Rehberger's work showed that the visible action stream and watch mode helped attentive users notice anomalies, but that an inattentive user, or one running Operator across multiple parallel tasks, could plausibly miss the attack.[26] OpenAI responded by tightening confirmation prompts on certain navigation patterns and by expanding watch mode coverage on sensitive sites, but Rehberger and other researchers continued to argue that prompt injection was an unsolved problem at the model level rather than something that could be fully patched at the product layer.

These findings became part of a broader 2025 conversation about [AI safety](/wiki/ai_safety) for browser agents. The same underlying concerns later resurfaced for Anthropic's Claude for Chrome and for OpenAI's own Atlas browser, both of which received fresh prompt-injection demonstrations within days of launch.[21]

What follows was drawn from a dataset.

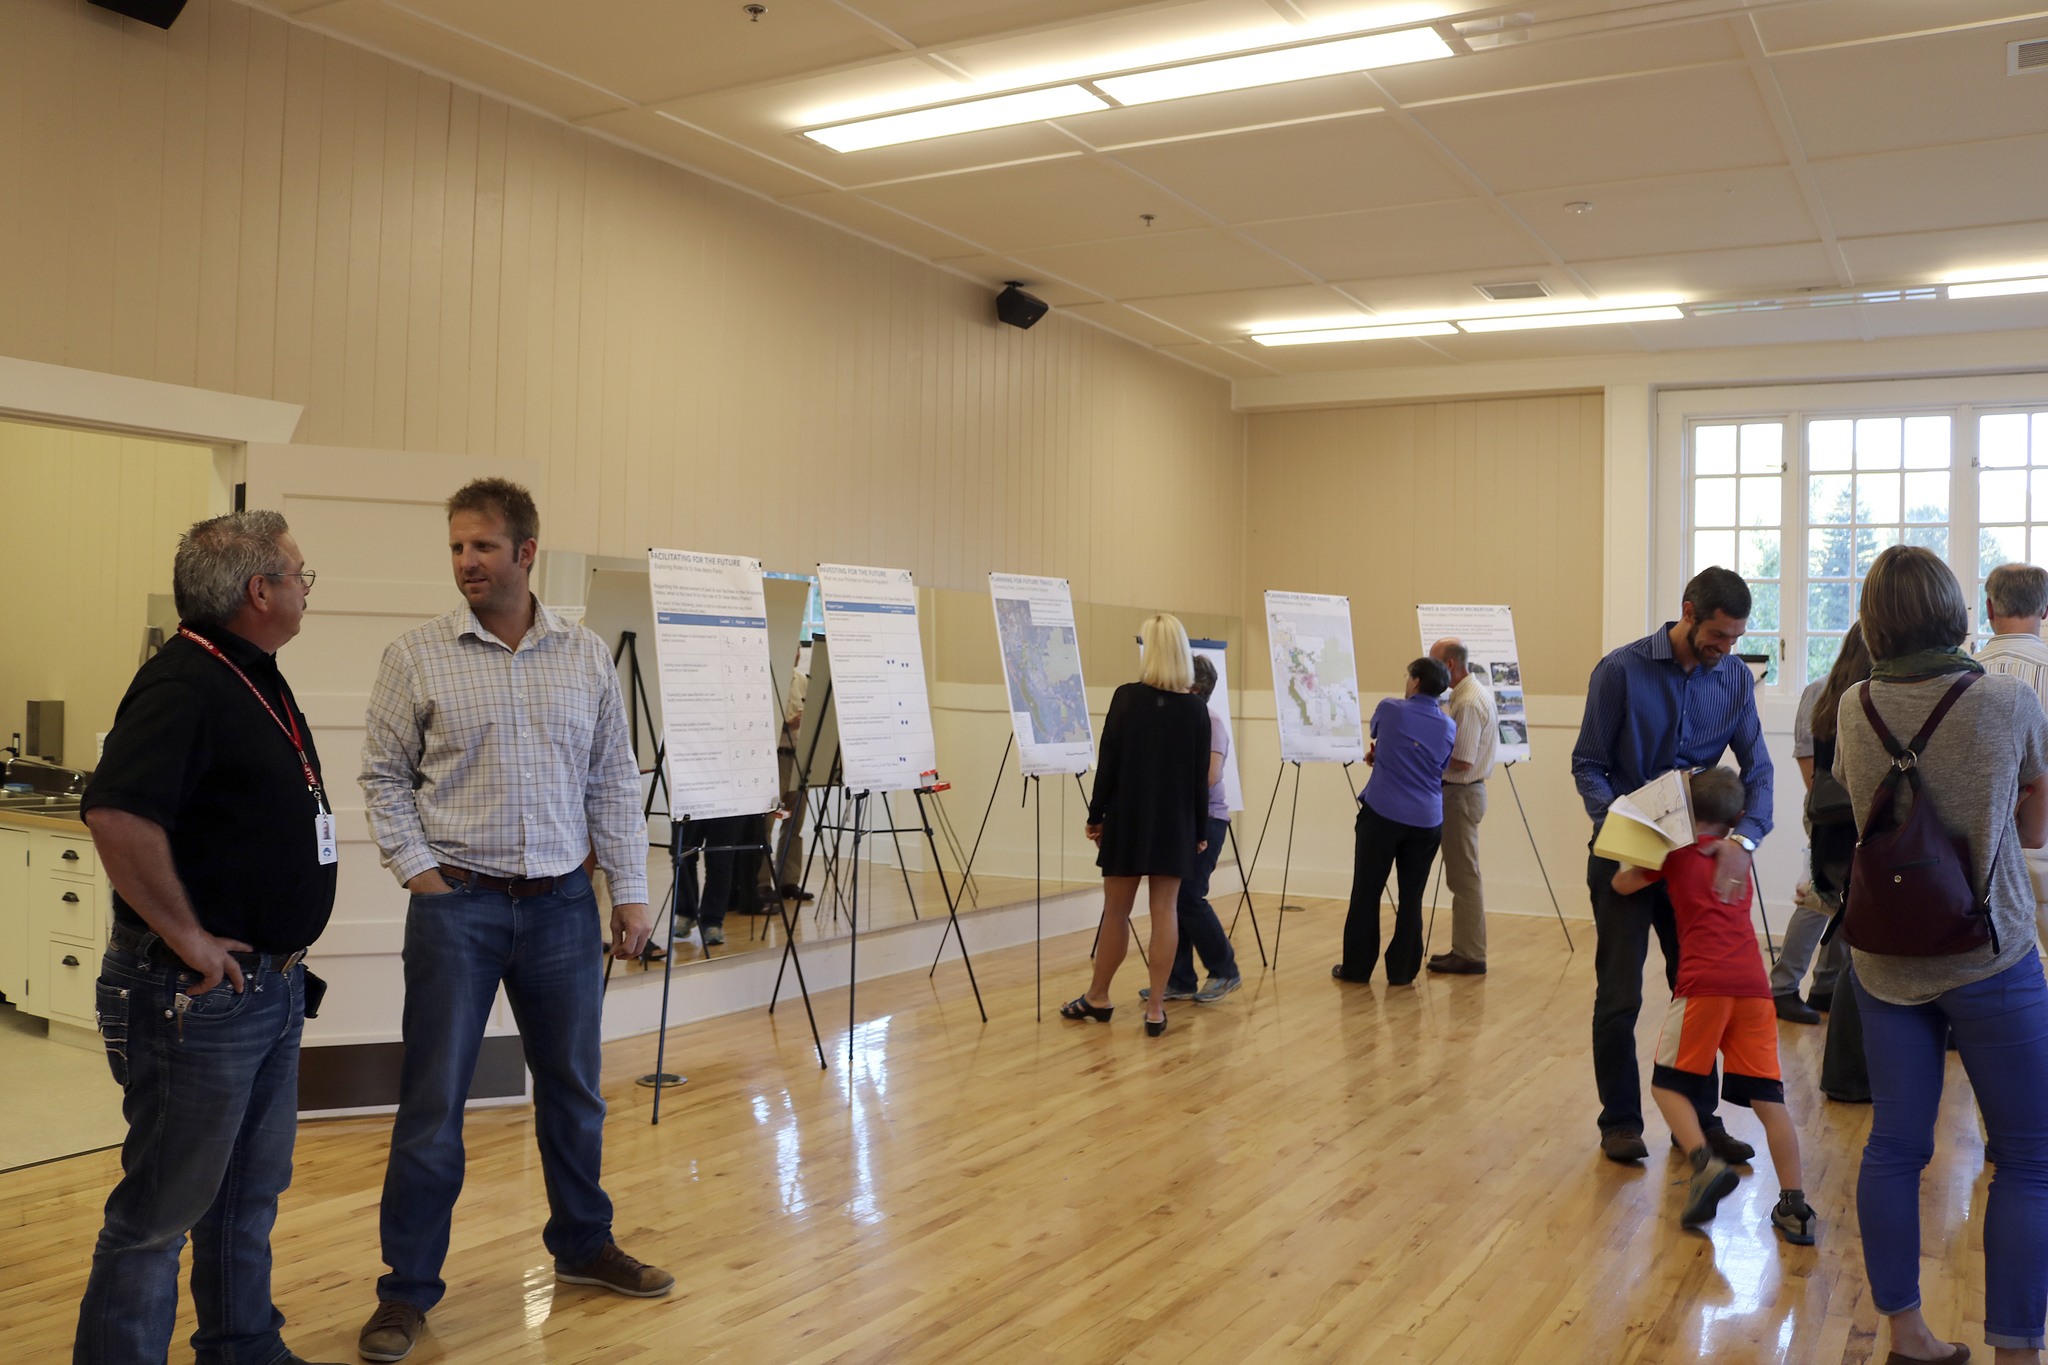 Si View Community Center welcomed visitors Sept. 14 to leave feedback on the future plans of the parks district.
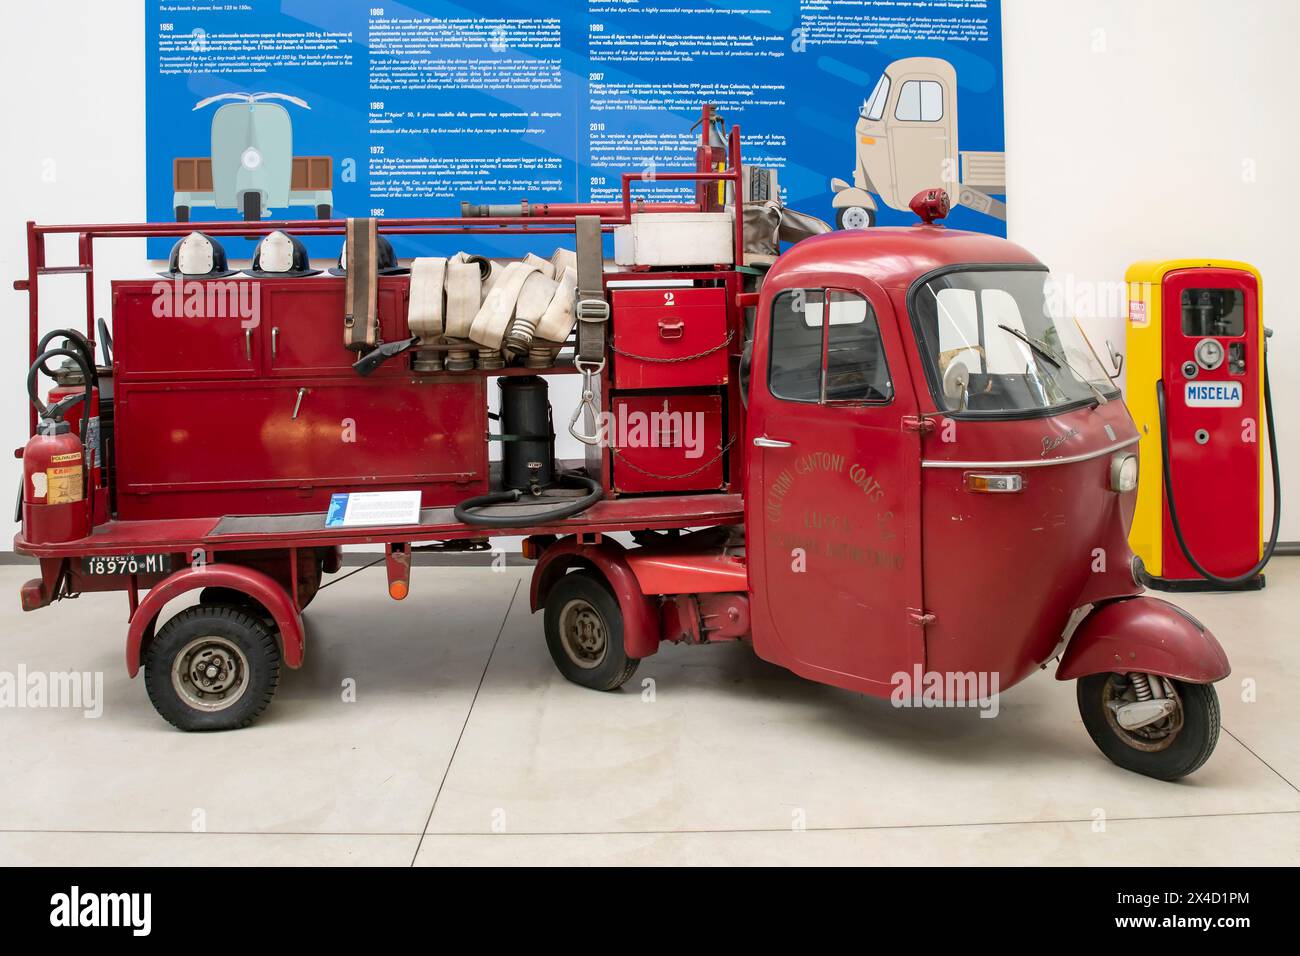 A Pentaro Ape of the 60s used by the firefighters on display at the Piaggio Museum of Pontedera, Italy Stock Photo

### Jailbreak and refusal behavior

Researchers also probed Operator's refusal behavior on restricted tasks. Hard restrictions on stock trading, banking transfers, and certain legal actions held under direct prompts, but softer guardrails (such as the disposition to ask before clicking "Place order") could be weakened by elaborate role-play prompts or chained instructions. The pattern was familiar from chat-based jailbreaks: the model's underlying willingness to take an action could be raised through context manipulation, even when the wrapper layer eventually caught the result.

## Subsequent updates

Operator received several model and policy updates during its short standalone life.

### CUA in the API (March 2025)

On March 11, 2025, OpenAI made the CUA model available to developers through its new Responses API as part of a broader set of agent-building tools.[9] Access was initially limited to a research preview for select developers in usage tiers 3 through 5.[9] Pricing was set at $3 per million input tokens and $12 per million output tokens.[9]

Unlike the consumer-facing Operator product, which controlled only a web browser, the API version of CUA could in principle drive any graphical environment that exposed screenshots, including desktop applications and mobile interfaces. Common targets included data entry, application workflow automation, internal tool testing, and cross-application processes that previously required brittle scraping or robotic process automation. OpenAI published a sample application on GitHub (openai/openai-cua-sample-app), and enterprises could optionally run CUA locally for additional security and data control.[9]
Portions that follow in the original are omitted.